You can see that the resulting scores, shown in the individual-track comparison plot above, contradict these expectations. “Funky Town” receives a PQ score only slightly lower than “Giorgio by Moroder,” indicating near insensitivity to codec degradation and mastering fidelity. Even more strikingly, “Blue Calx” is assigned the lowest Production Complexity among the four tracks, while “The Schumacher Song” and “Funky Town” receive higher PC scores. This directly inverts what most listeners would consider to be structural or compositional complexity.

Content Enjoyment is highest for “Funky Town” and lowest for “Blue Calx,” suggesting that the CE dimension aligns more closely with catchiness or familiarity than with artistic merit or aesthetic depth.

Taken together, these results indicate that AES is largely insensitive to audio fidelity.

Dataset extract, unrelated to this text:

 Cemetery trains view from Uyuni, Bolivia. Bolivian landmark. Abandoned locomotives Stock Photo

It fails to reflect musical or structural complexity, and instead appears to reward constant spectral activity and conventional pop characteristics. Even at the individual track level, the semantics of Production Quality and Production Complexity don’t match their labels.

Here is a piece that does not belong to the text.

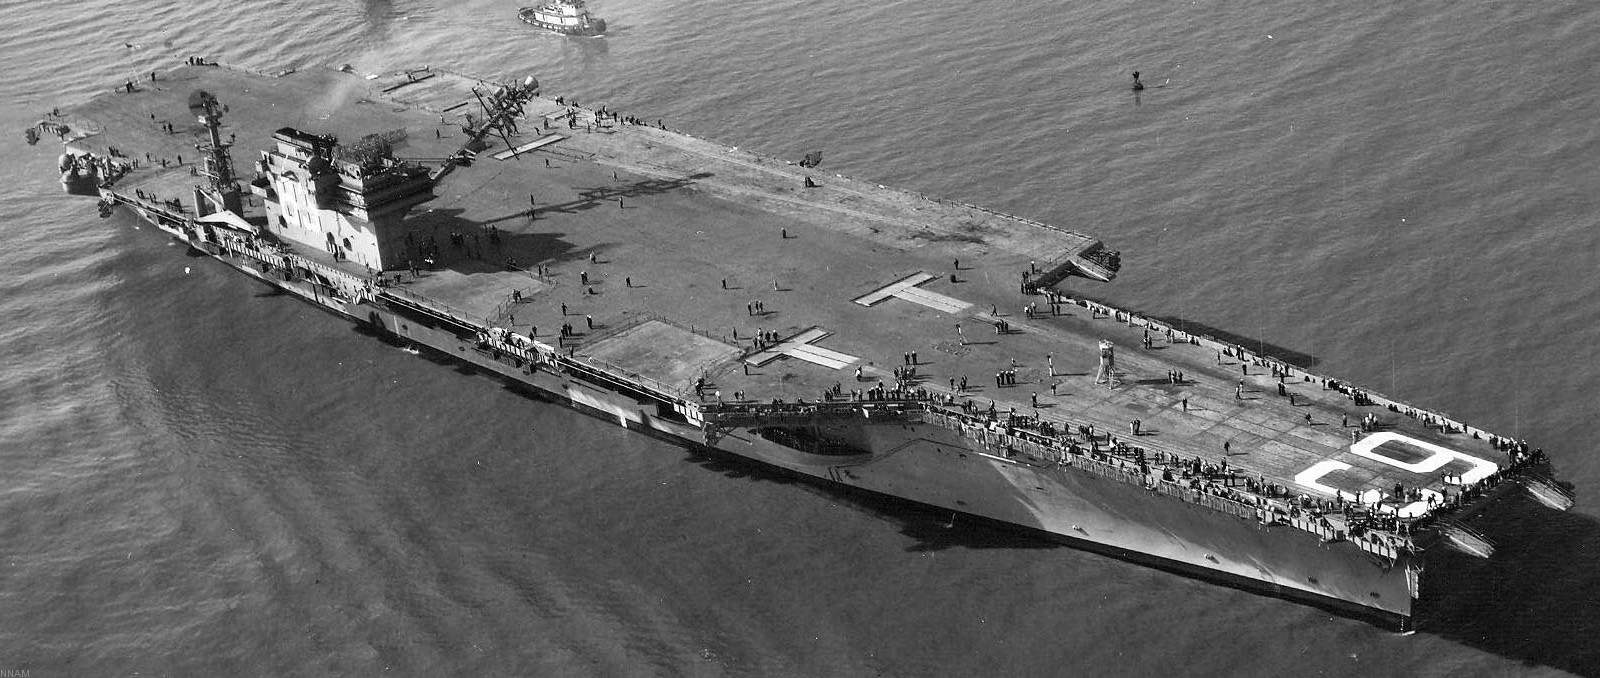 cva-63 uss kitty hawk aircraft carrier 267

B) Artist-level distribution analysis

Next, I tested whether AES produces distinct aesthetic profiles for artists with musical identities, production aesthetics, and historical contexts that are clearly different. I analyzed distributions of Production Quality, Production Complexity, Content Enjoyment, and Content Usefulness for Johann Sebastian Bach, Skrillex, Dream Theater, The Clash, and Hans Zimmer.

If AES captures musically meaningful aesthetics, we would expect to see systematic separation between these artists. For example, Hans Zimmer and Dream Theater might have a higher complexity score than The Clash. Skrillex’s modern electronic productions might have a higher quality score than early punk recordings. Bach’s works might show high complexity but variable enjoyment or usefulness depending on the recording and interpretation.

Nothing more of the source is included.